# To do
Give all the lines below again, exactly, with no pictures.

# Data below
⟨
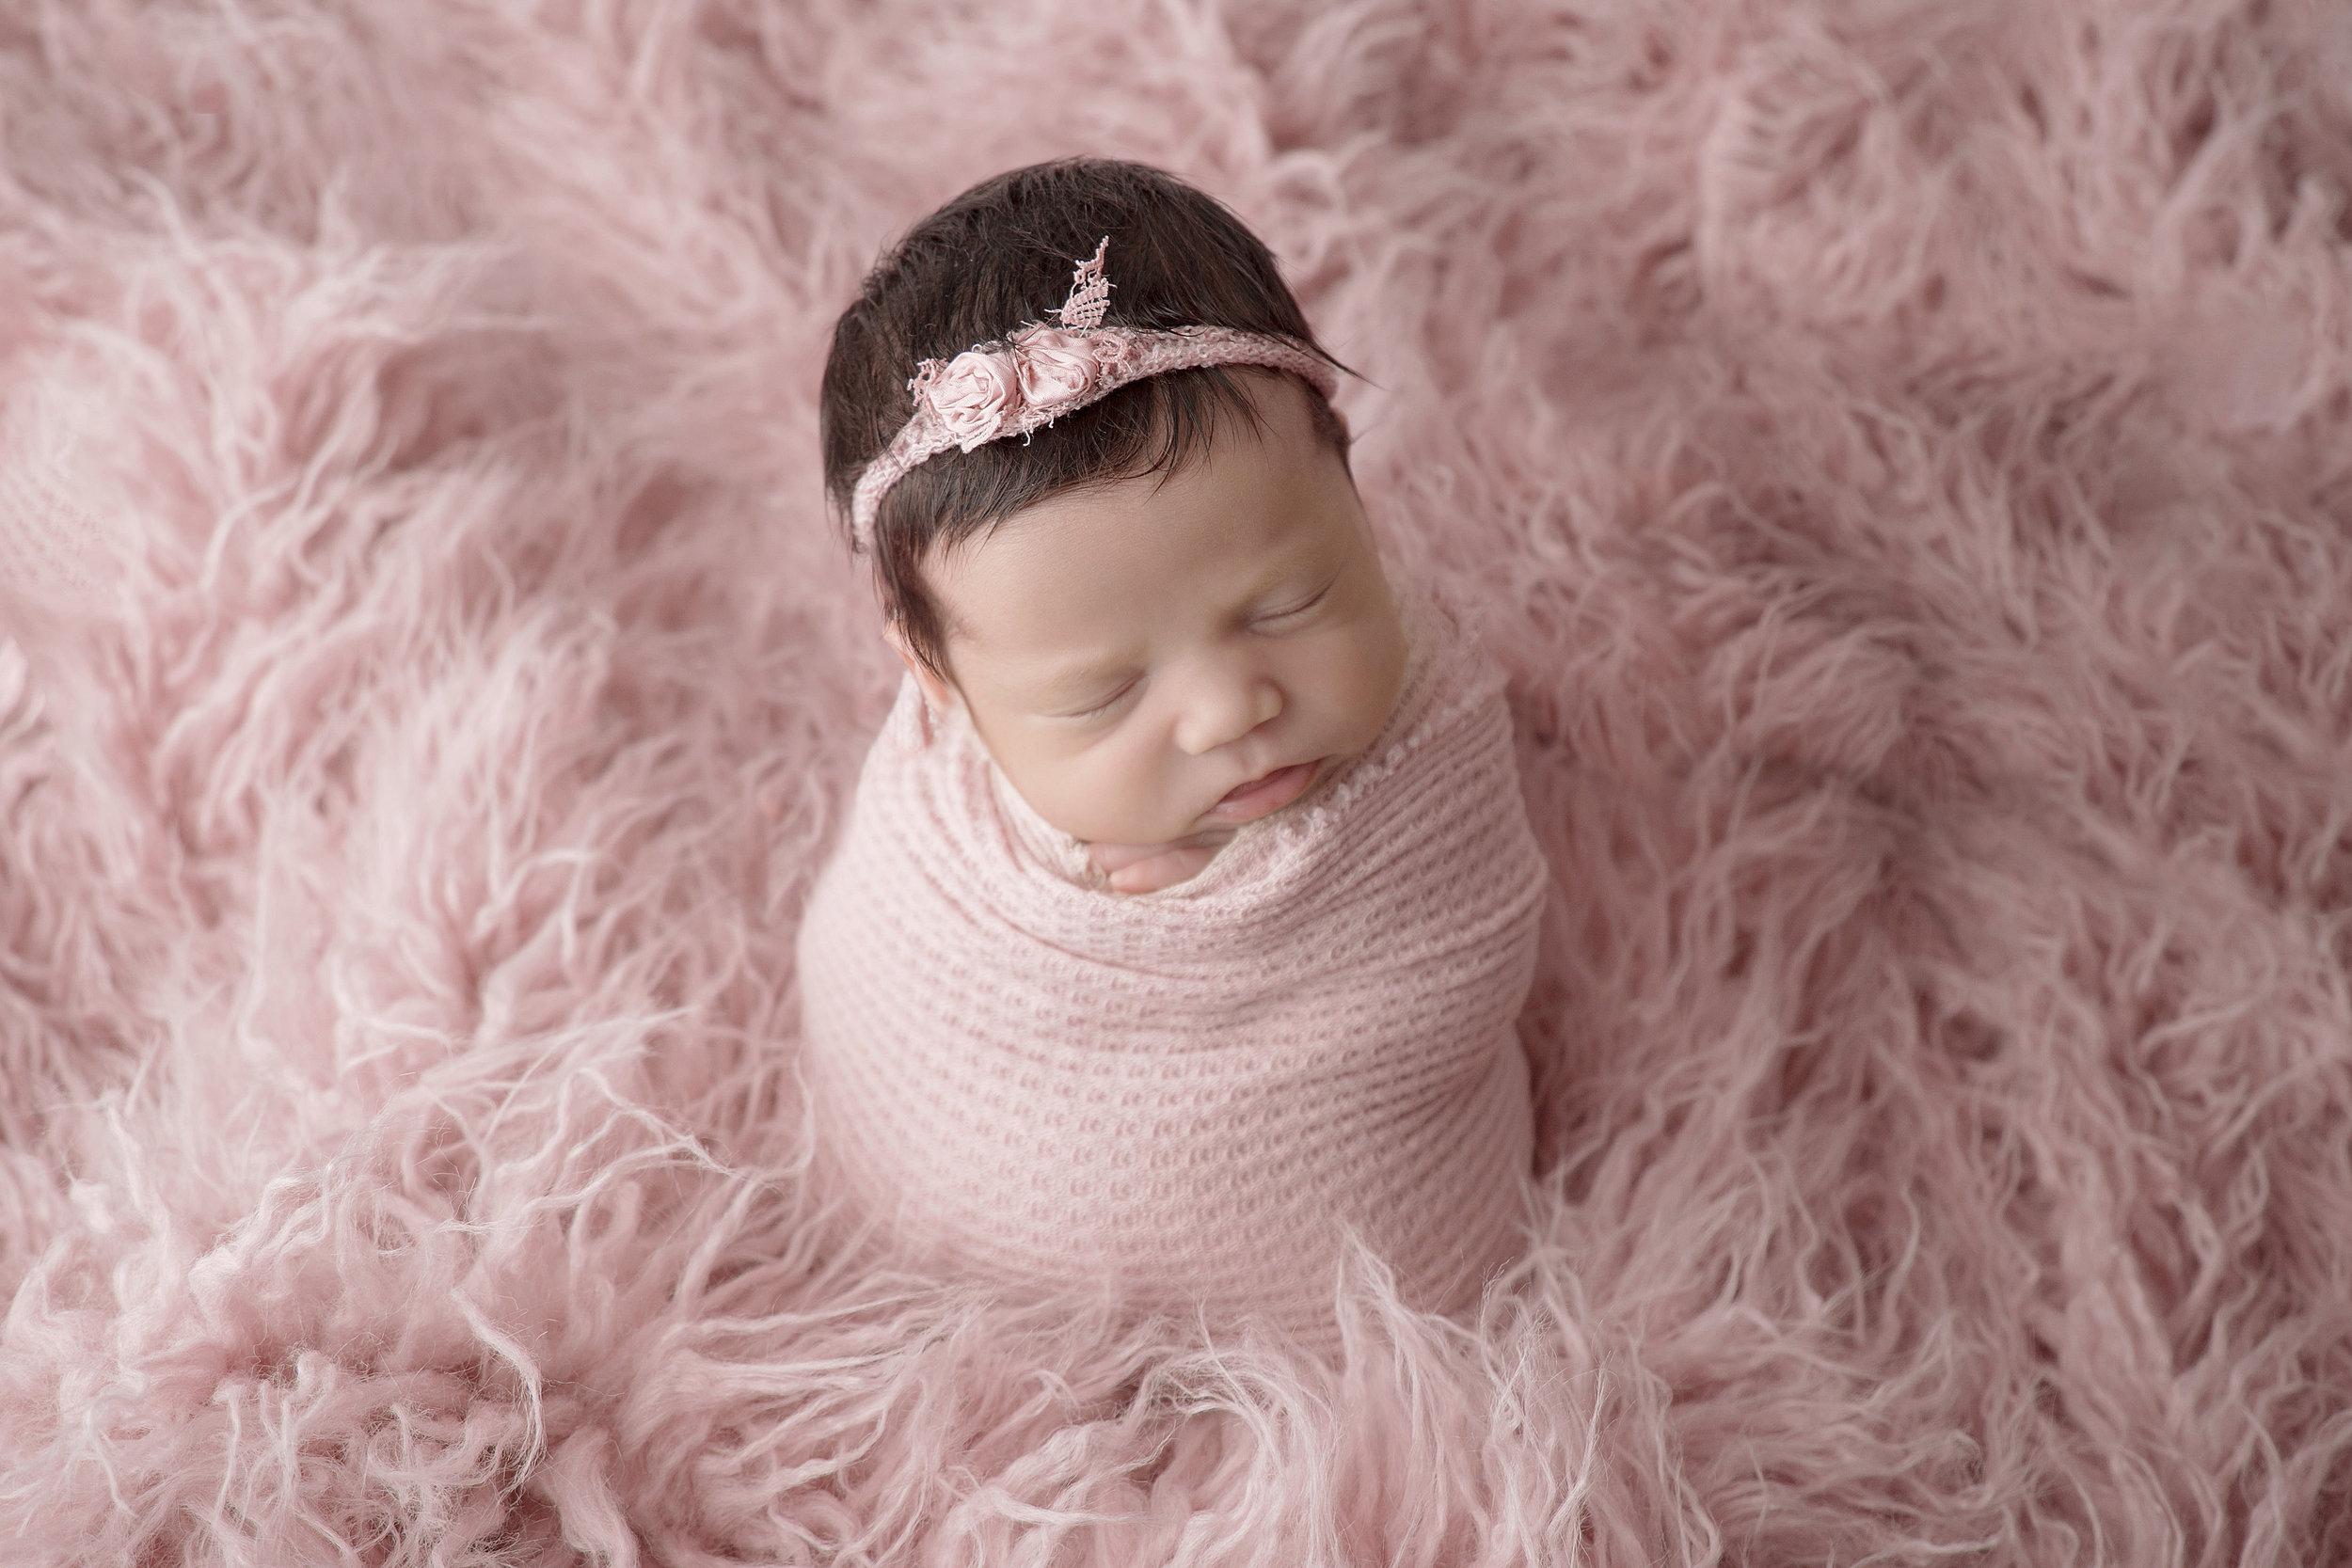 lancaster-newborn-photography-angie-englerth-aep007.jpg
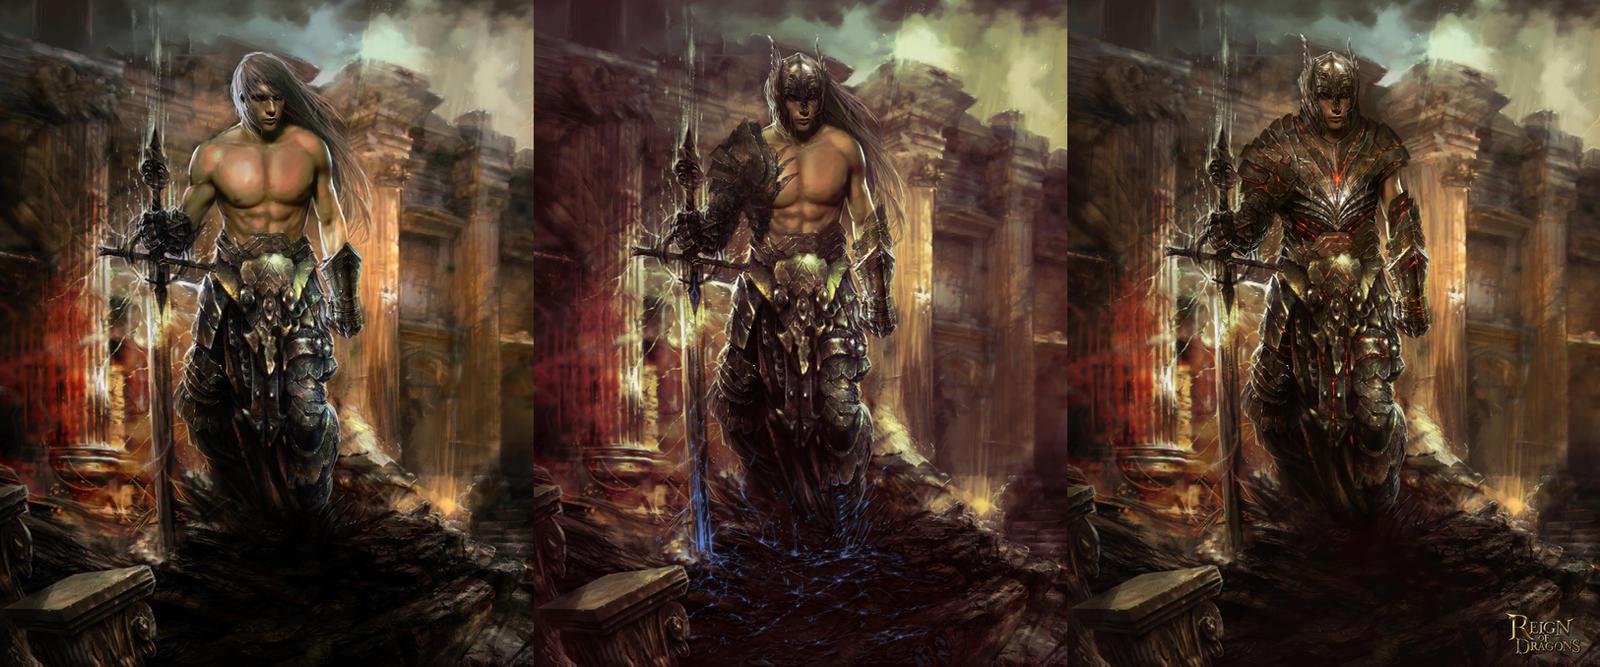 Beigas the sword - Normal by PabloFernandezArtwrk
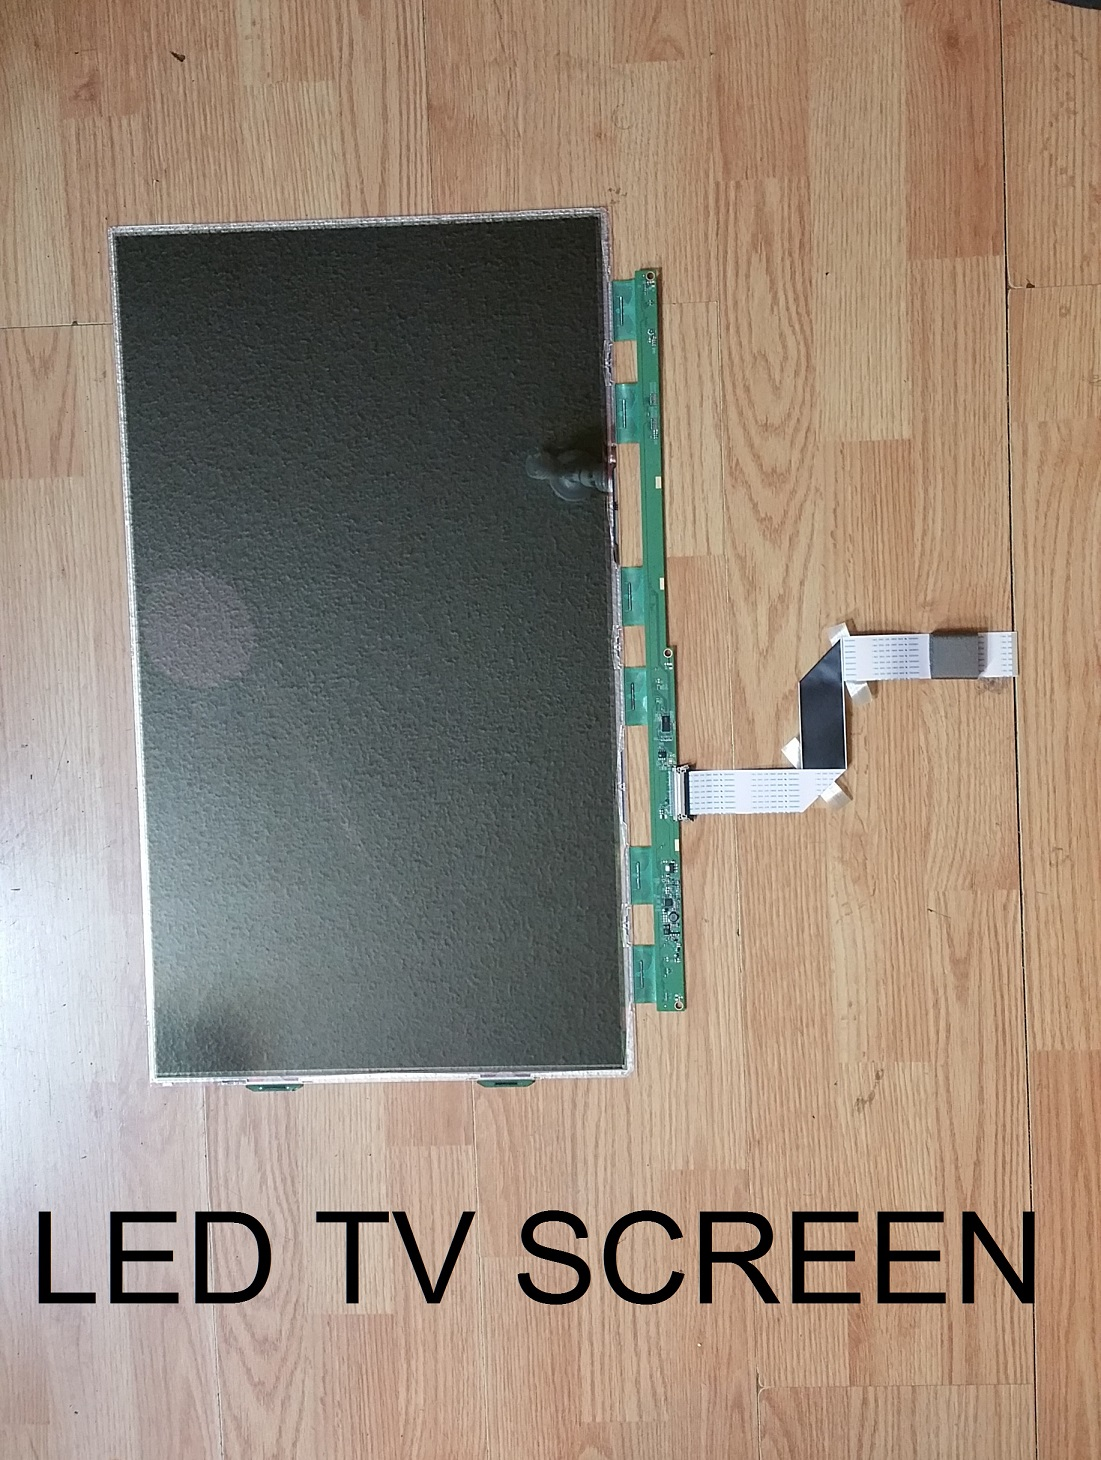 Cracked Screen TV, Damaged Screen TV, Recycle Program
⟩
# Task result
 lancaster-newborn-photography-angie-englerth-aep007.jpg
 Beigas the sword - Normal by PabloFernandezArtwrk
 Cracked Screen TV, Damaged Screen TV, Recycle Program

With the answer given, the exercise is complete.